![]()
ABSTRACT Predicting the near-well pathway of a hydraulic fracture is important for understanding development of tortuosity that can impact on injection pressures, proppant placement and production rates. In this paper, a 2D fully coupled hydraulic fracture model is used to study how these pathways depend on both wellbore geometry and starter fracture sizes. Non-circular wellbores and cased circular wellbores are studied and taken to correspond to a wellbore with breakouts and with a pressure mismatch between the wellbore and fracture, respectively. The initial starter fracture length for cased wellbores is varied to study its effect on fracture path. The formation is assumed to be elastic and impermeable and the fluid is incompressible and Newtonian. The numerical results show that, for the conditions considered in this paper, the fracture reorientation and path can be predicted for each non-circular wellbore by the value of a dimensionless parameter that has previously been shown to control fracture paths for fracture initiation and growth from circular wellbores. For the cased conditions with a reduced or zero pressure acting on the wellbore walls, the initial fracture length is also an important factor affecting fracture trajectory.
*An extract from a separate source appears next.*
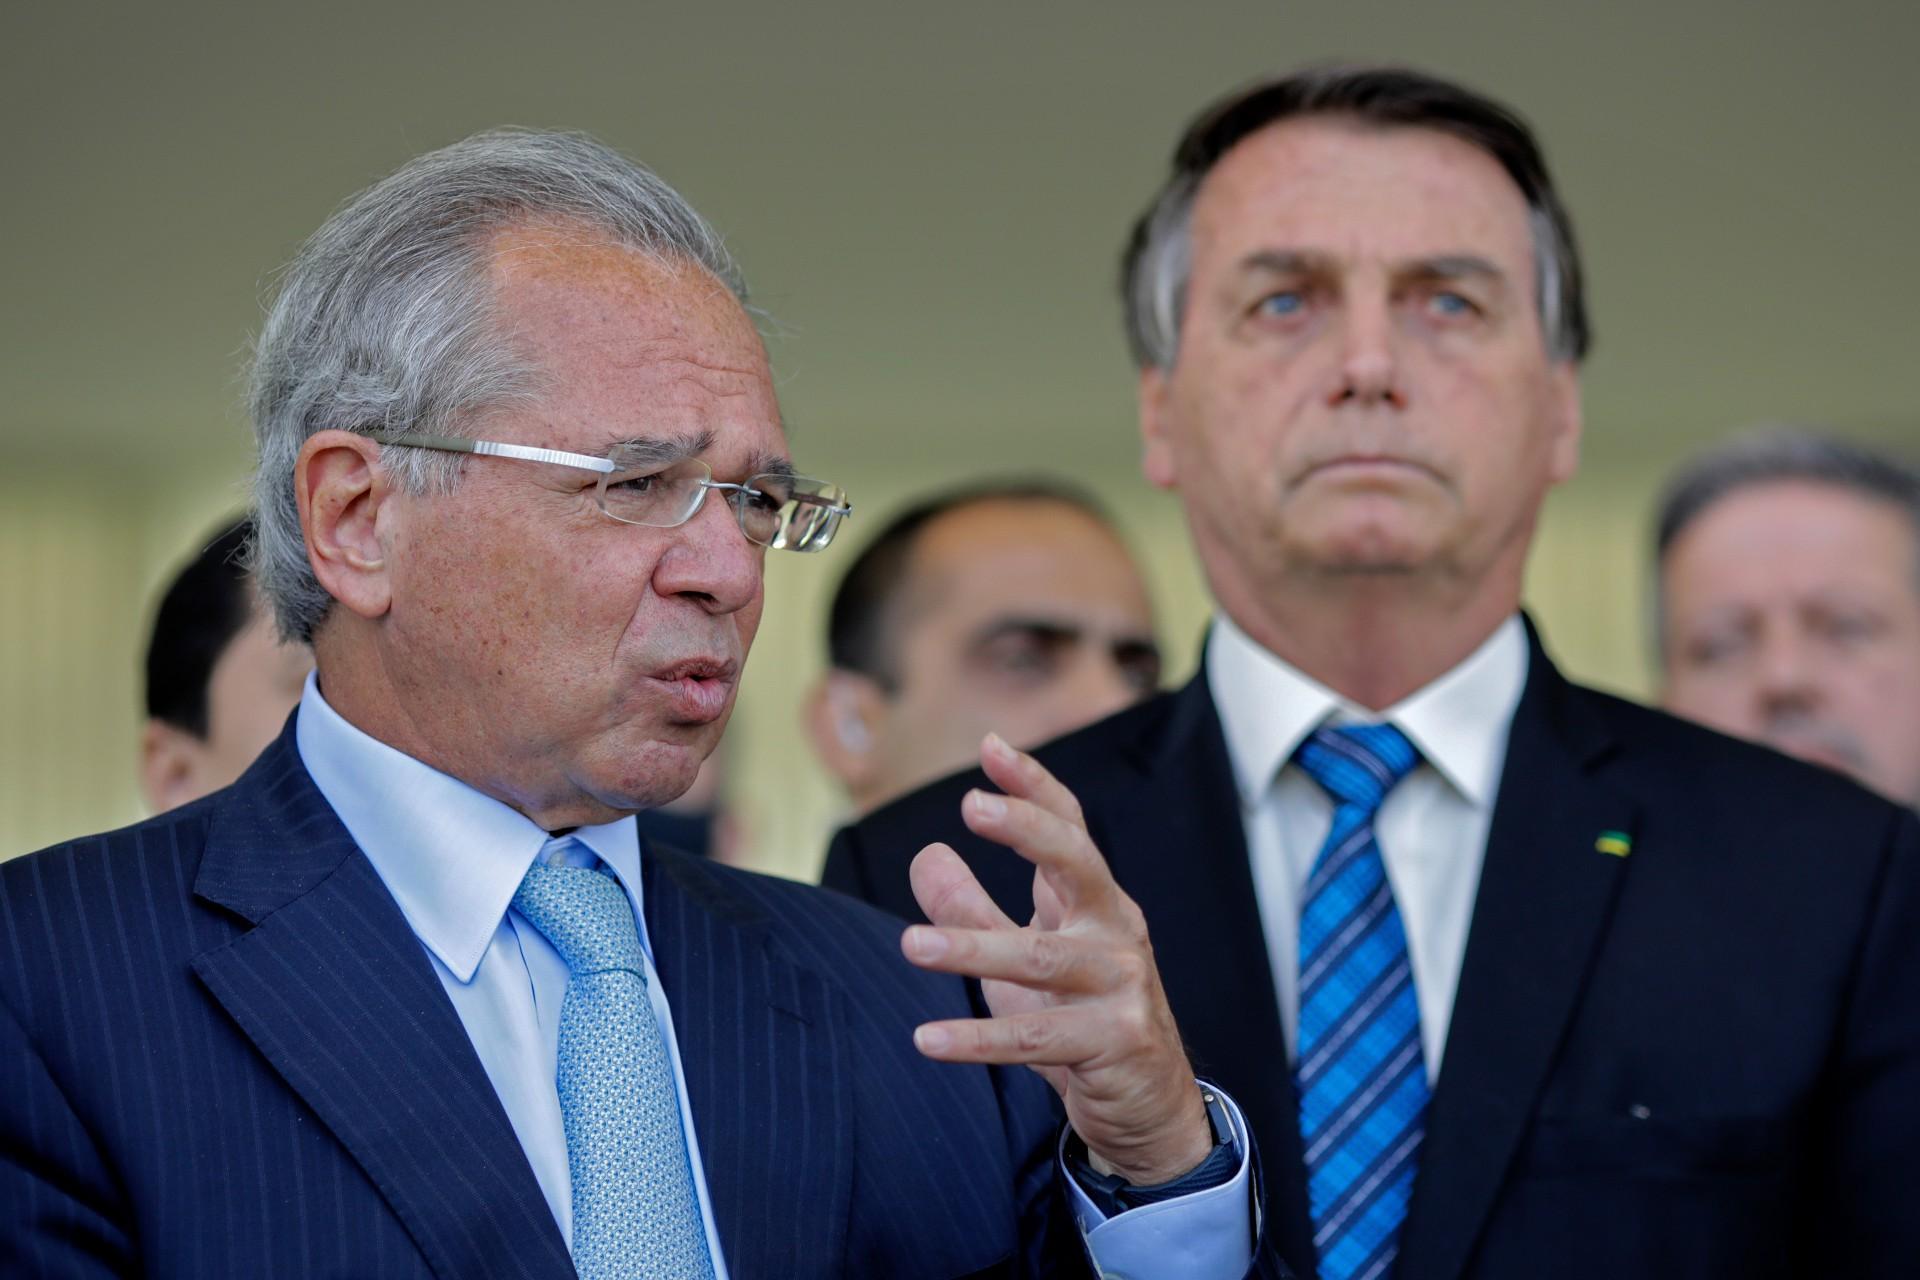 Paulo Guedes é ministro da Economia do governo Bolsonaro (Foto: Sergio Lima / AFP)

As the low pressure wellbore results in the radial stress becoming the minimum principal stress, a fracture initiating from a short flaw will orbit around the wellbore, while the initiation from a longer flaw allows the fracture to escape the stress conditions near the wellbore to eventually follow the far-field maximum principal stress direction.
1. INTRODUCTION
There are a variety of reasons why non-circular wellbore cross-sections may be formed. Possible causes include the mechanical action of the drill string on the wellbore after drilling and the localized failure (breakout) induced by in situ stress concentrations exceeding the compressive strength of the rock. Such breakout processes under high horizontal deviatoric stress result in a non-circular wellbore shape. In vertically deviated wells, rock failure may occur adjacent to the start of a sidetrack, and soft or poorly consolidated rocks can be washed out from weak formations. The stress concentration along the wall of such a non-circular wellbore is therefore not only dependent on the in situ stresses, but also on the wellbore shape. Most of the published work [1-6, among others] deals with circular wellbores, and there has been little work reported on fracture initiation and growth from non-circular fluidfilled wellbores. These studies either treated the starter fractures as stationary and with given width, or assumed the fracture trajectories a priori. The effect of fluid viscosity on pressure variation was not dealt with in these studies. Hydraulic fracture initiation and growth from a noncircular wellbore will differ from initiation from a circular wellbore owing to the change in stress near the well, although the ideal conditions are useful to generate classical analytic solutions. The accurate description of the fracture growth process under complex borehole conditions is important not only for fracture design, but also for interpretation of well logs used for in situ stress estimation.